Wednesday, January 30, 2013

I remember that the introductory material for one of my study aboard programs to Moscow said that Russia is a smoker's country, and that couldn't be more true. Russia is the world's top consumer of tobacco, and a staggering 60% of Russian men smoke (40% of the overall population smokes--double the US percentage). Cigarettes are cheap; a pack costs somewhere between one and two dollars. Also, you can smoke almost everywhere. There are very few non-smoking areas in Russia, and people even smoke in the few non-smoking places that exist (the bathroom at the Vladimir Business Institute, where some of our classes are held, has a big "No Smoking" sign on the door, but usually there is a haze of smoke inside). Even some of the guys who are always at my gym smoke, and they will occasionally take smoke breaks in the middle of the workouts.

All that can be kind of annoying for a non-smoker. I don't really care what people choose to do, and quite a few of my friends in Russia are smokers, but I hate coming back from a night out and smelling like I rolled around in an ashtray. In a lot of bars and clubs, the cigarette smoke is so thick that you can practically taste it.

My trip to Ukraine made me aware of just how smoky Russia is. Ukraine enacted an indoor smoking bar in late 2012, and it was great to be able to go to a bar, cafe, restaurant, or pool hall and not come out reeking of cigarettes. I was actually against the Ohio indoor smoking ban when it came up for a vote in 2006--I thought each business should have the right to make the decision of whether to go no-smoking or not--but now I'm thankful for it.

Russia's government has realized the enormous problems that having so many smokers poses, and a law was recently passed that will increase cigarette prices, ban advertising, and enact an indoor smoking ban by 2015. This is one time that I am really glad that Putin is president of Russia because he is an athlete and anti-smoker, and if anyone can stand up to the tobacco lobby, it is VVP. As one of my Russian friends (and a chain smoker) once pointed out, the cigarettes being smoked in Russia are made by American or British companies. He called it the West's punishment for the Cold War.

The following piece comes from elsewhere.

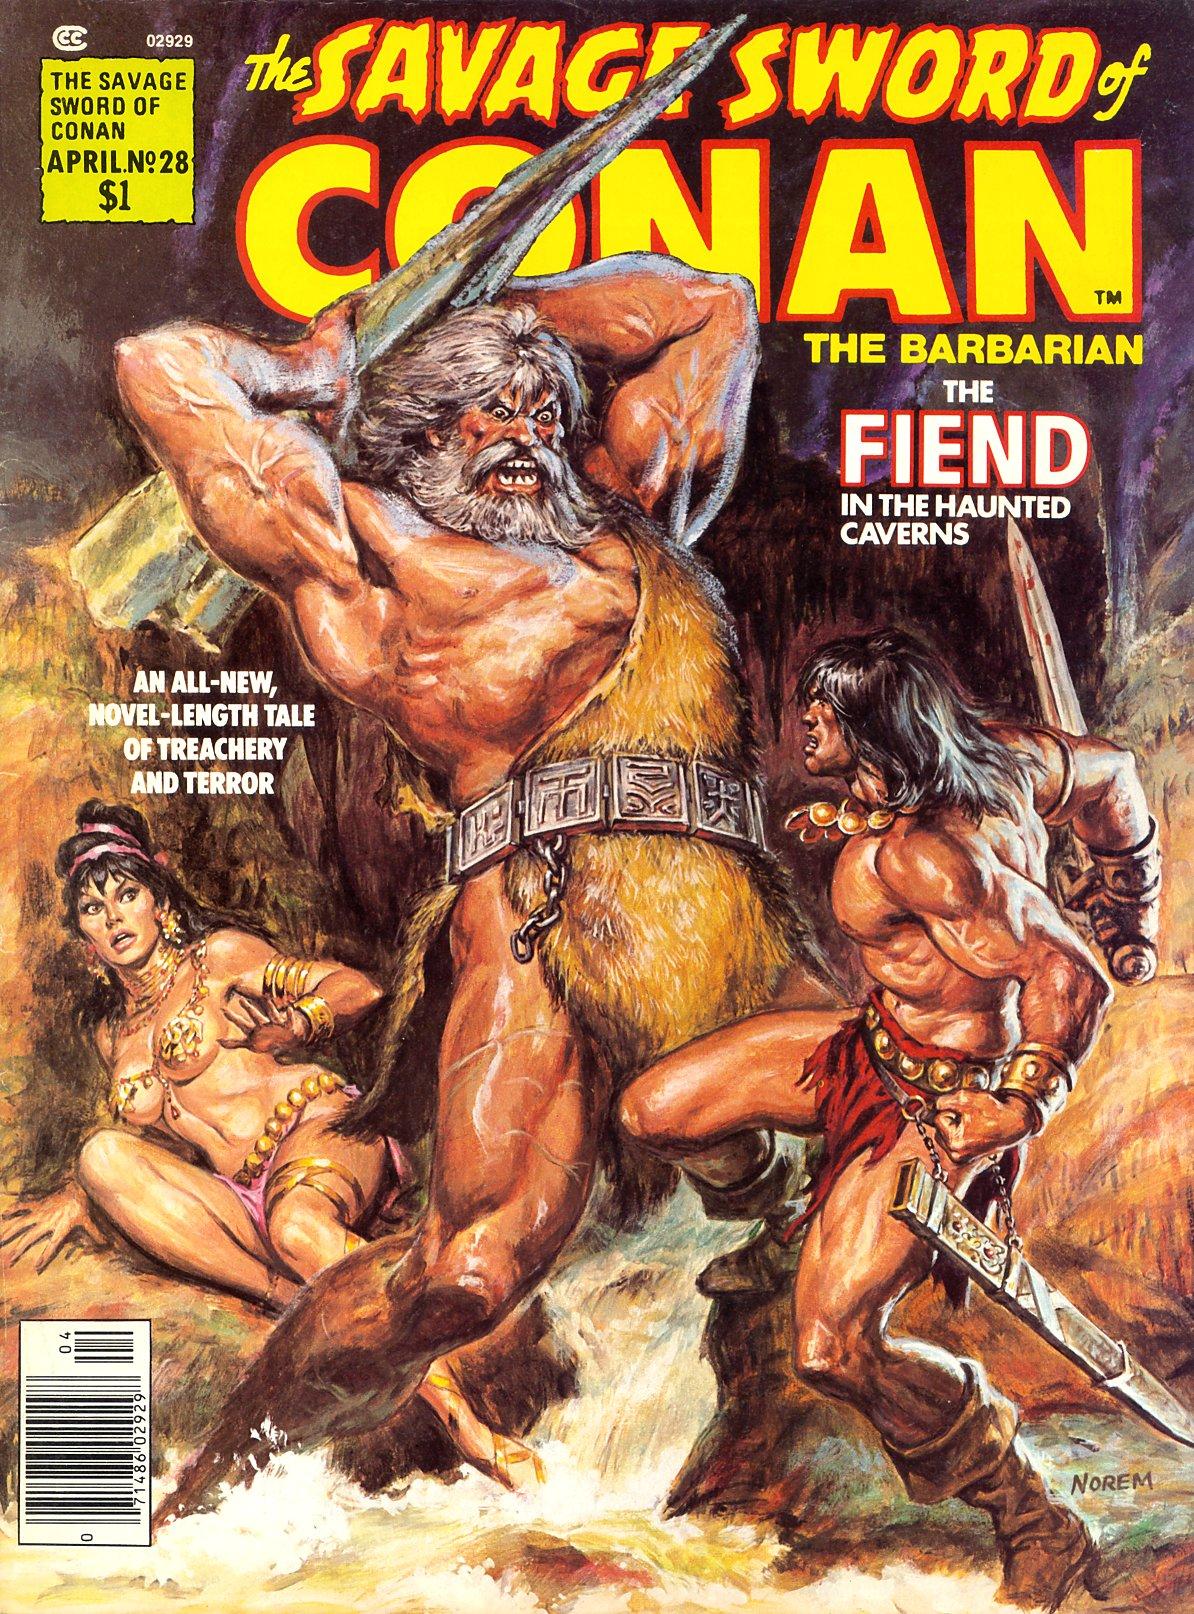 The Savage Swoed of Conan #28 publicada em 1978, uma das muitas capas produzidas por Earl Noren para o personagem criado por Robert E. Howard
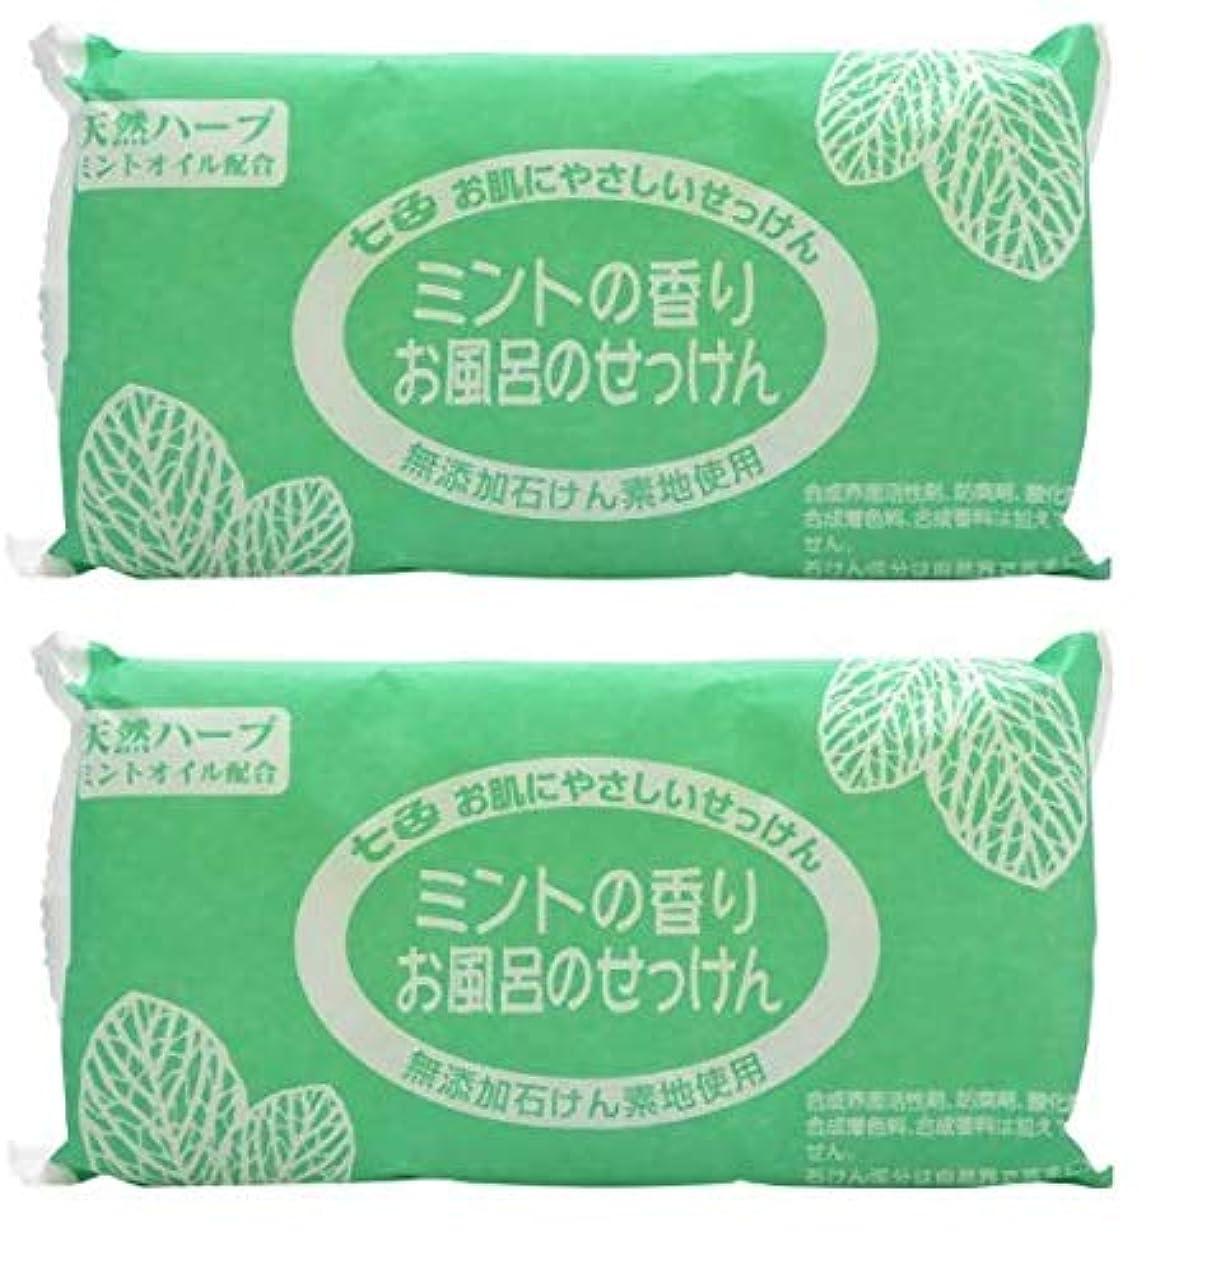 ブルジョン年齢小麦七色 お風呂のせっけん ミントの香り(無添加石鹸) 100g×6個入

My teenage students tell me that it is cool to start smoking around age 12 and really cool if you can quit by age 17 (the success rate is probably pretty low). It makes me sad to see young teenagers walking down the street puffing away and enriching the coffers of some slimy American company. American tobacco companies have looked to Russia as their salvation as smoking rates throughout most of the world have dropped, and it is disgusting to think that these fat cats are making profits by robbing the health of the youth of this country. Maybe Putin can turn things around.